**PROMPT:**
The following data needs to be repeated exactly, with all images excluded.

**THE DATA:**
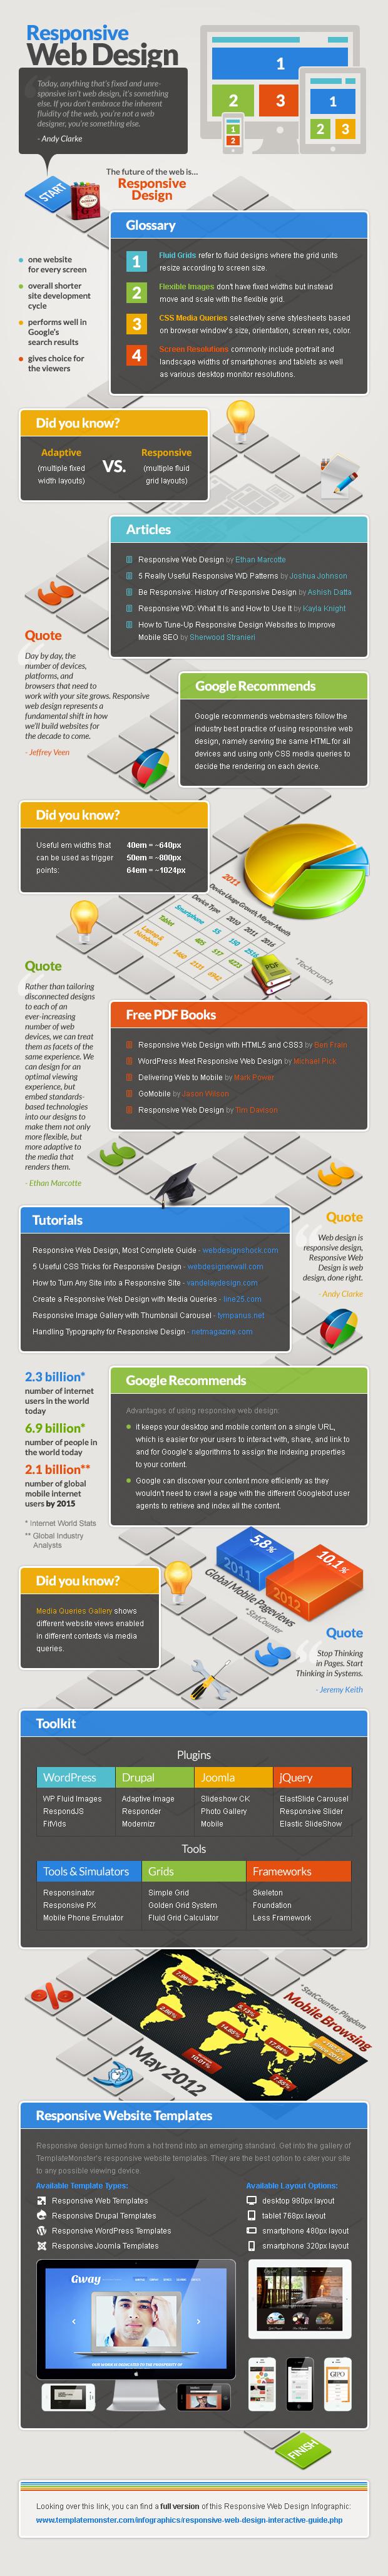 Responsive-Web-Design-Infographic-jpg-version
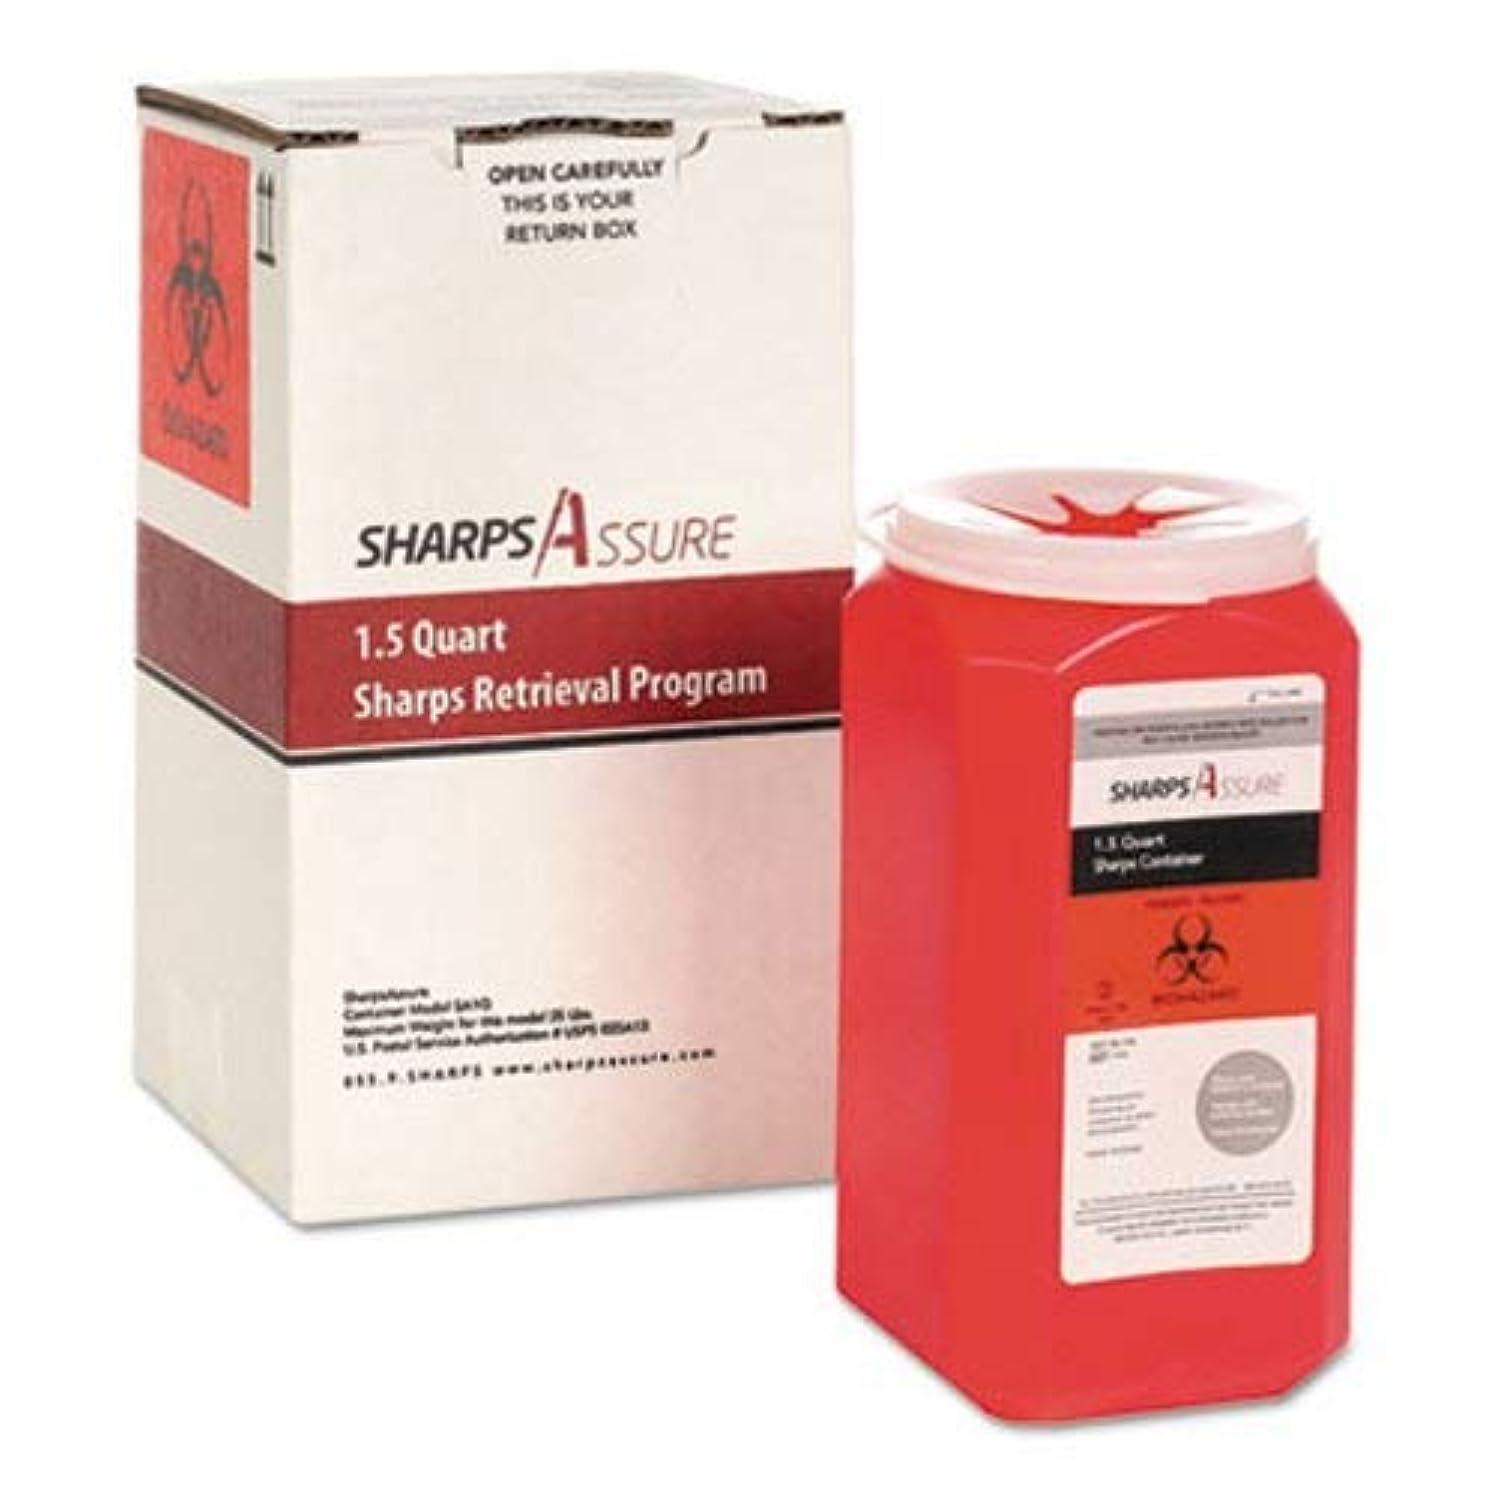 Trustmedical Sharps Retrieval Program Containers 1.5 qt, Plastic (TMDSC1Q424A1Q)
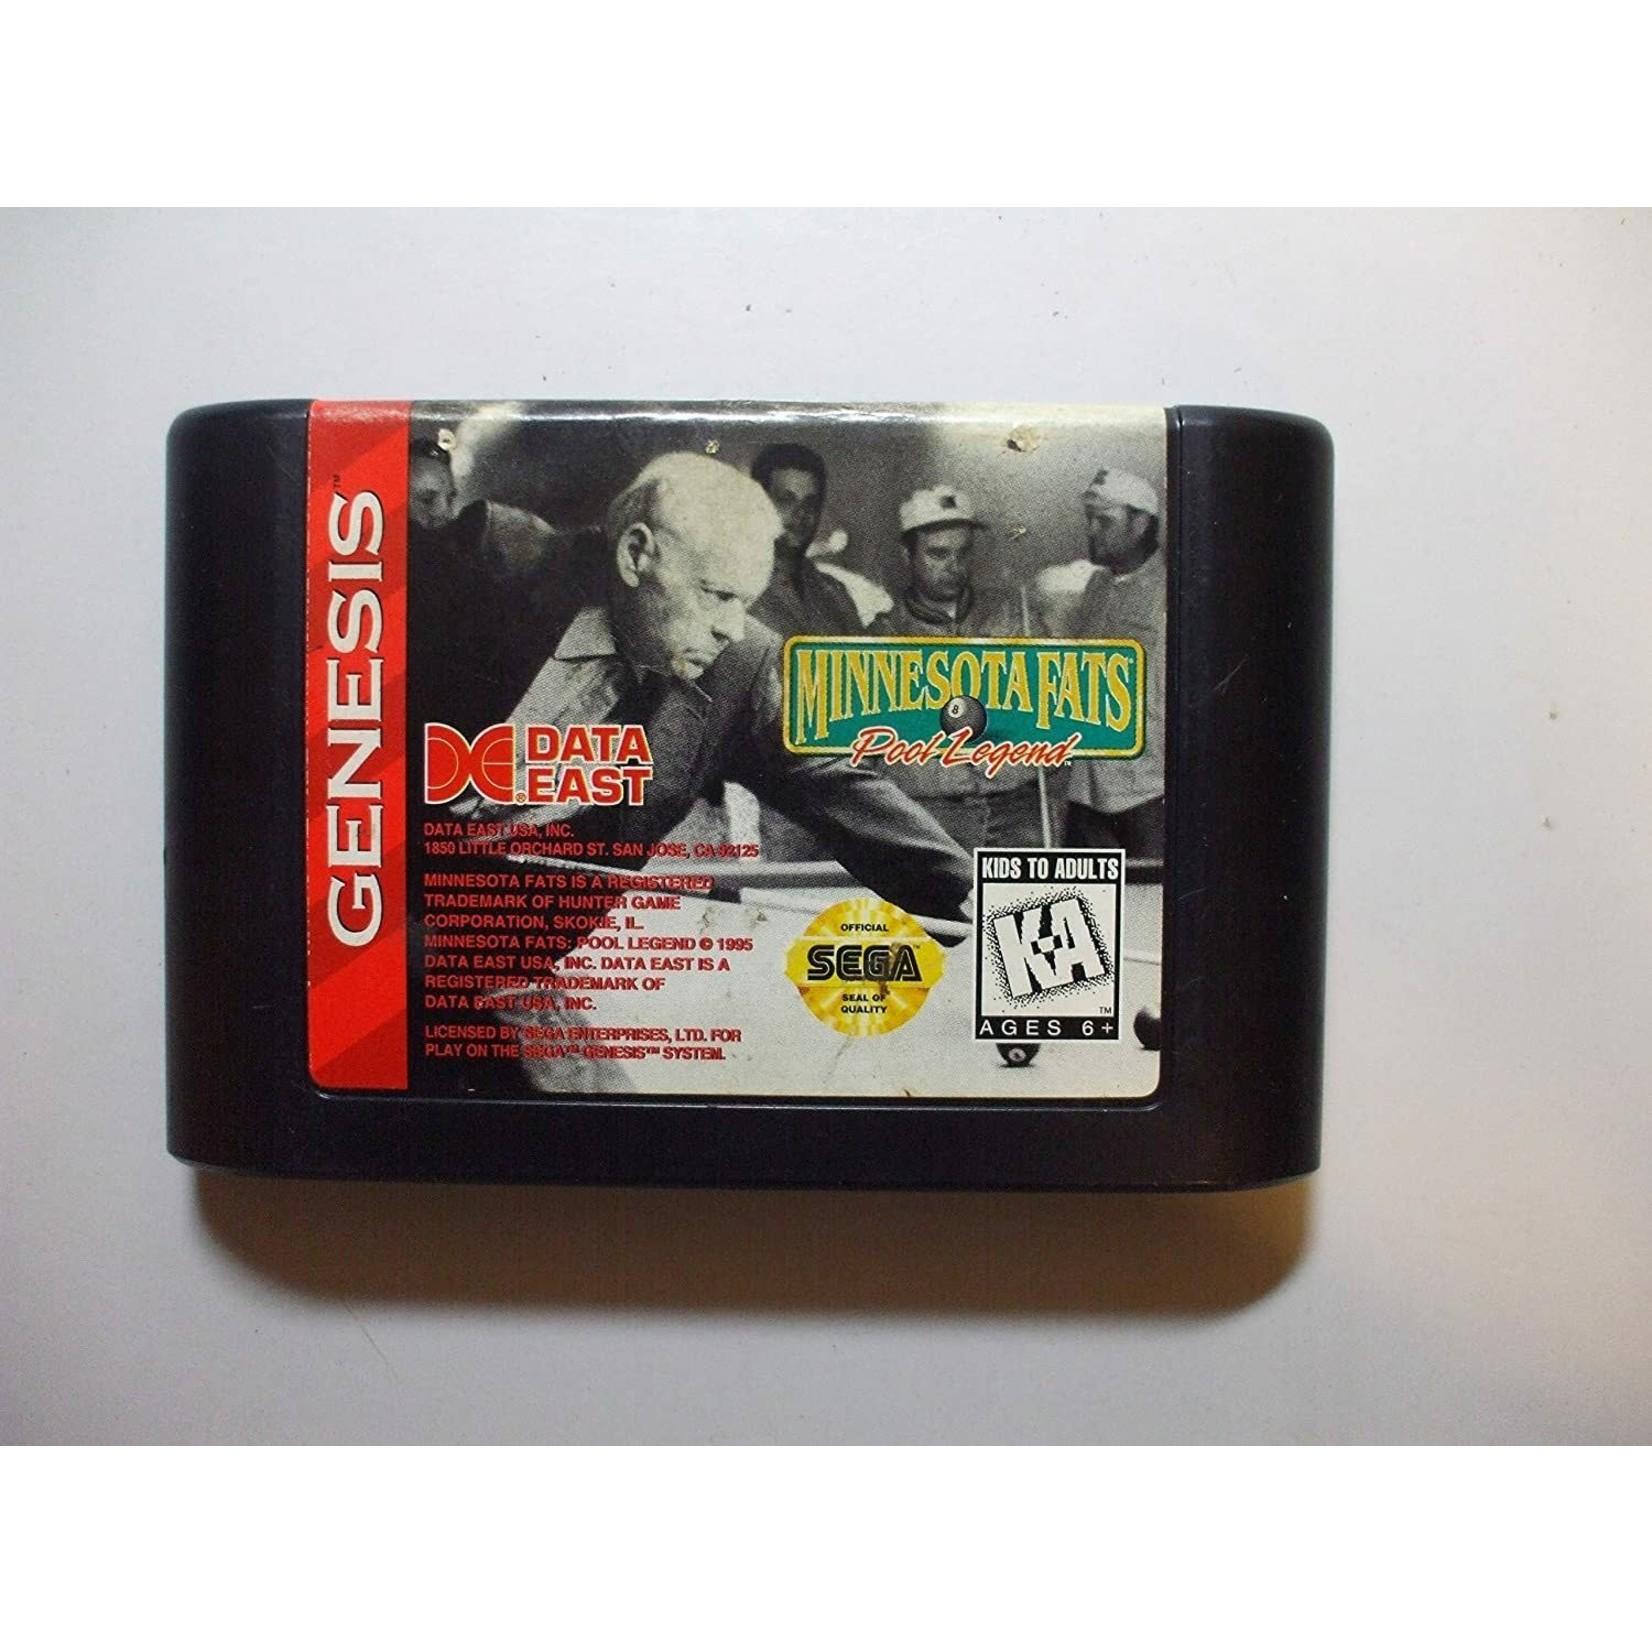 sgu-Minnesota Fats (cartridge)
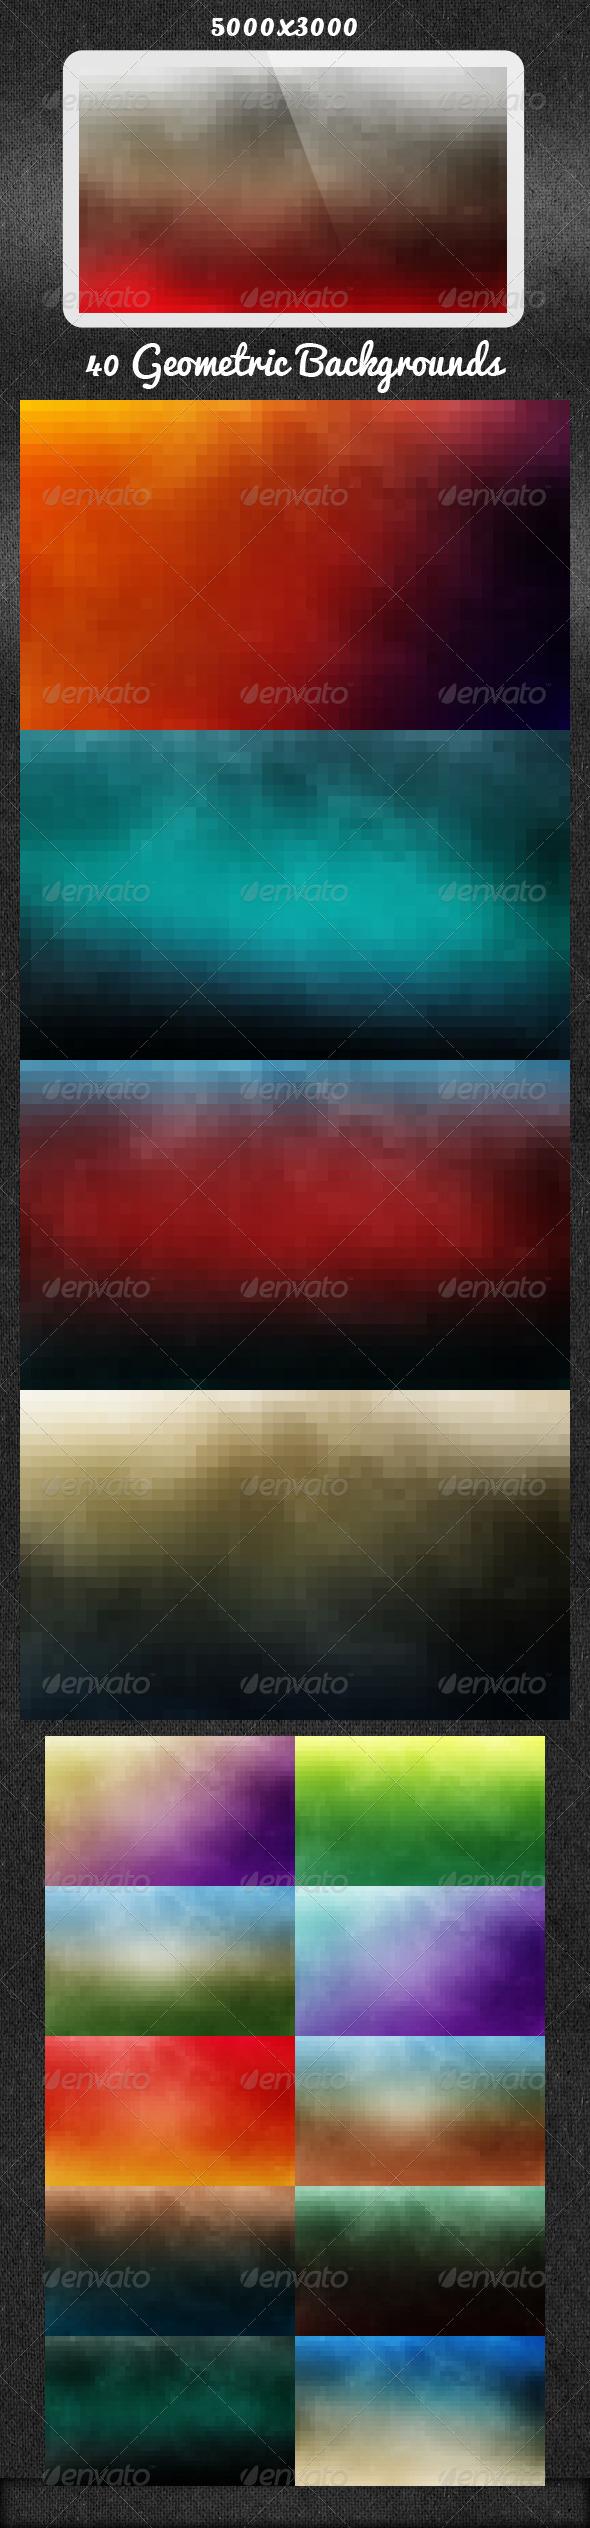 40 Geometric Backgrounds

**FINAL ANSWER:**
 Responsive-Web-Design-Infographic-jpg-version
 Trustmedical Sharps Retrieval Program Containers 1.5 qt, Plastic (TMDSC1Q424A1Q)
 sgu-Minnesota Fats (cartridge)
 40 Geometric Backgrounds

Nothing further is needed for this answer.